Samuel Ipoua

Personal information
- Full name: Samuel Ipoua Hamben
- Date of birth: 1 March 1973 (age 52)
- Place of birth: Douala, Cameroon
- Height: 1.83 m (6 ft 0 in)
- Position: Striker

Senior career*
- Years: Team / Apps / (Gls)
- 1992–1996: Nice / 72 / (18)
- 1996: Torino / 9 / (0)
- 1997–1998: Rapid Wien / 25 / (6)
- 1998–2000: Toulouse / 36 / (9)
- 2000–2001: Mainz 05 / 5 / (1)
- 2001–2002: 1860 Munich / 5 / (0)
- 2002–2004: LR Ahlen / 9 / (2)
- 2004–2005: Sint-Truiden / 22 / (3)
- 2005–2006: FC Wiltz 71 / 13 / (1)
- Total:  / 196 / (40)

International career
- 1997–1998: Cameroon / 9 / (0)

= Samuel Ipoua =

Cameroonian footballer (born 1973)

Samuel Ipoua Hamben (born 1 March 1973) is a Cameroonian former professional footballer who played as a striker.

He played for several European clubs, including Nice (France), Torino (Italy), Rapid Wien (Austria), Toulouse (France), Mainz 05, 1860 Munich and LR Ahlen in Germany. At the local level, he played for Union de Douala (Cameroon).

He played for the Cameroon national football team and played in two of their three group stage matches at the 1998 FIFA World Cup. Ipoua was also a member of the Cameroon squad for the 1998 African Cup of Nations, featuring in two matches, including their quarter-final defeat to DR Congo.

His brother Guy Ipoua was also a footballer and spent most of his career playing in England.
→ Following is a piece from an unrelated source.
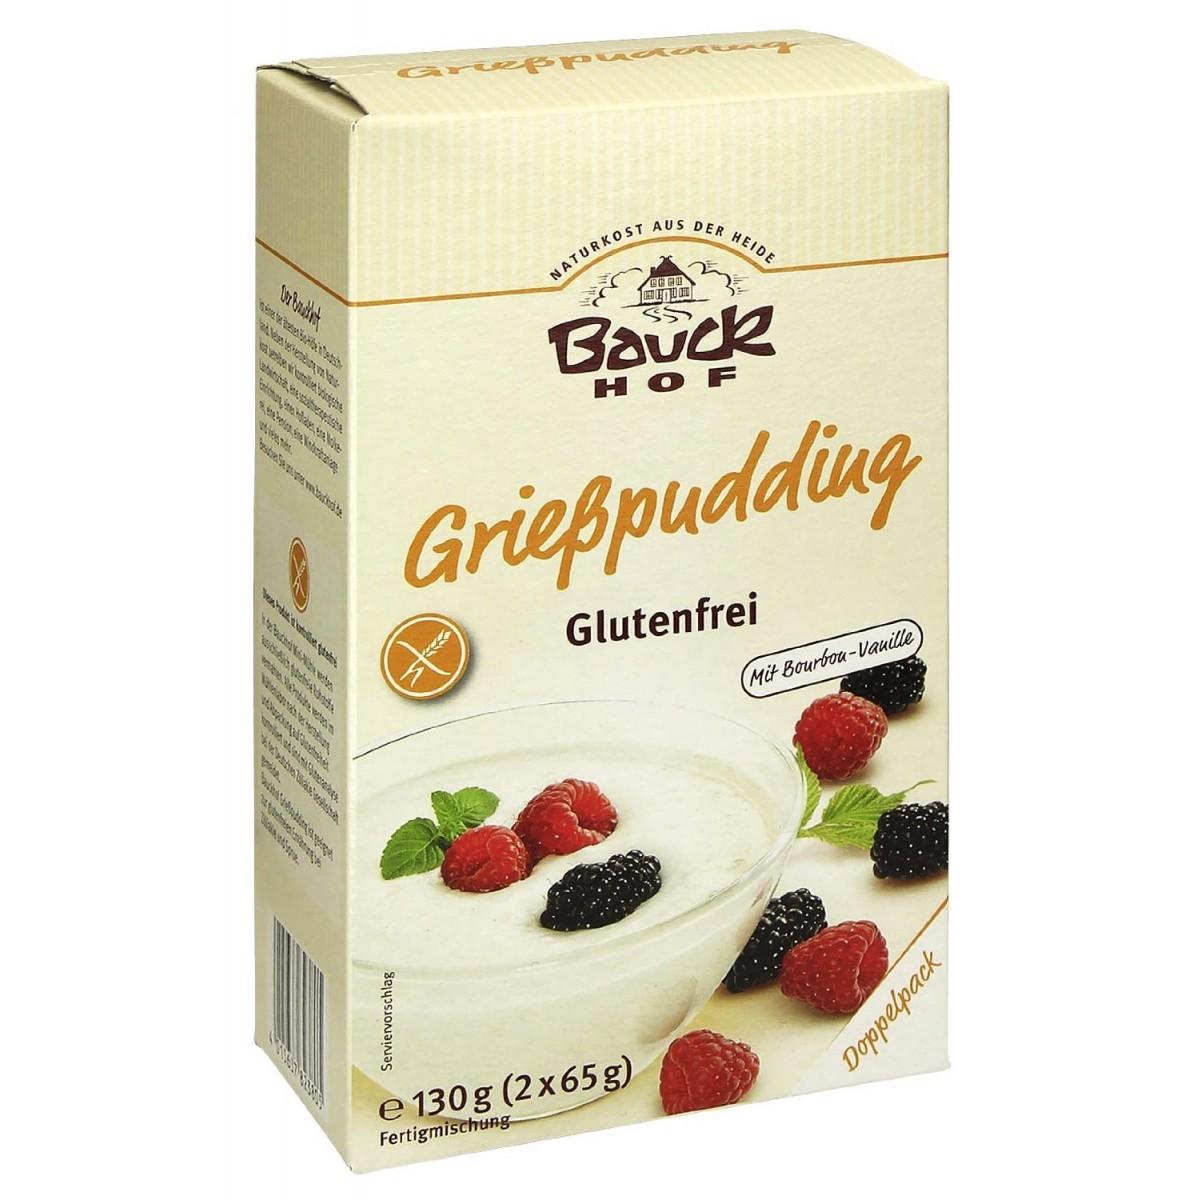 Griesmeelpudding

In 2001 he went on trial at Everton, starting in a friendly against Yeovil Town but was not signed by the club. In July 2005, he also had a failed trial with Grimsby Town.

After his playing career Ipoua worked with the French blind football national team and managed at Toulouse Rodéo FC.

== Personal life==
Samuel Ipoua holds Cameroonian and French nationalities.